Analysis of dirt provides new insight into Roman burials

The first scientific evidence of frankincense being used in Roman burial rites in Britain has been uncovered by a team of archaeological scientists led by the University of Bradford. The findings - published today in the Journal of Archaeological Science - prove that, even while the Roman Empire was in decline, these precious substances were being transported to its furthest northern outpost.


The Roman Empire at it greatest extent. image: Tataryn77/wikipedia

The discovery was made by carrying out molecular analysis of materials previously thought to be of little interest - debris inside burial containers and residues on skeletal remains and plaster body casings. Until now, evidence for the use of resins in ancient funerary rites has rarely come to light outside of Egypt.

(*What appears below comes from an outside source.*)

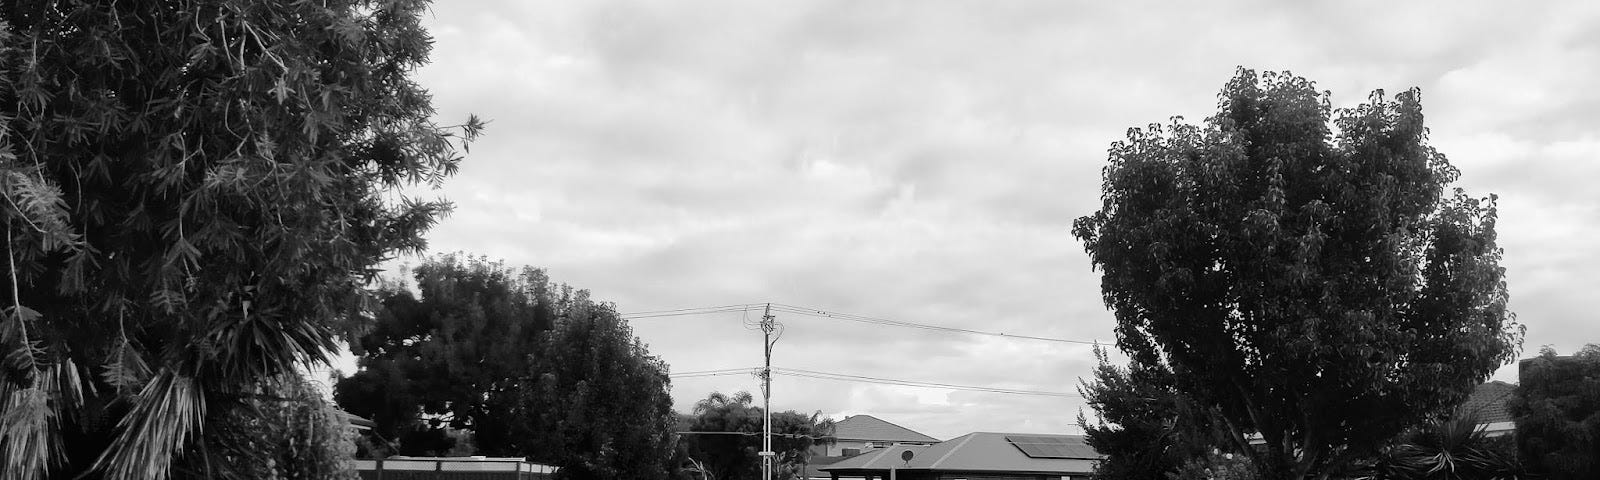 Black and white photo of a suburban street with houses and trees on a day.
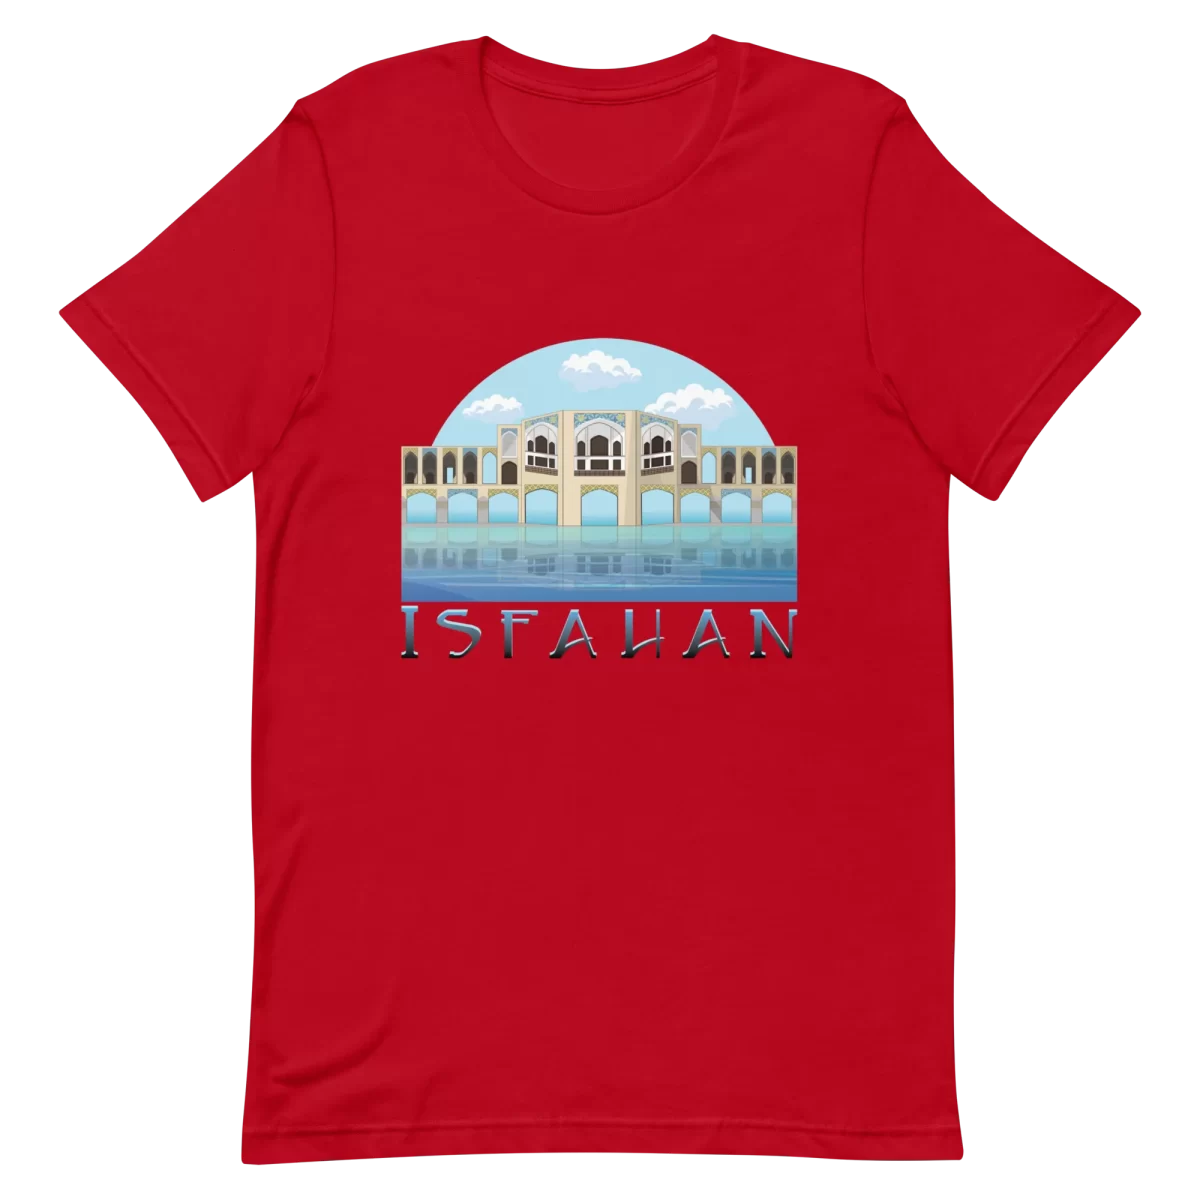 Unisex T-Shirt - ISFAHAN Red

The samples came from burial sites across Britain, in Dorset, Wiltshire, London and York, dating from the third to the fourth century AD. Of the forty-nine burials analysed, four showed traces of frankincense - originating from southern Arabia or eastern Africa - and ten others contained evidence of resins imported from the Mediterranean region and northern Europe.

Classical texts mention these aromatic, antimicrobial substances as being used as a practical measure to mask the smell of decay or slow decomposition during the often lengthy funeral rites of the Roman elite. But it was their ritual importance which justified their transportation from one end of the empire to the other. Seen both as gifts from the gods and to the gods, these resins were thought to purify the dead and help them negotiate the final rite of passage to the afterlife.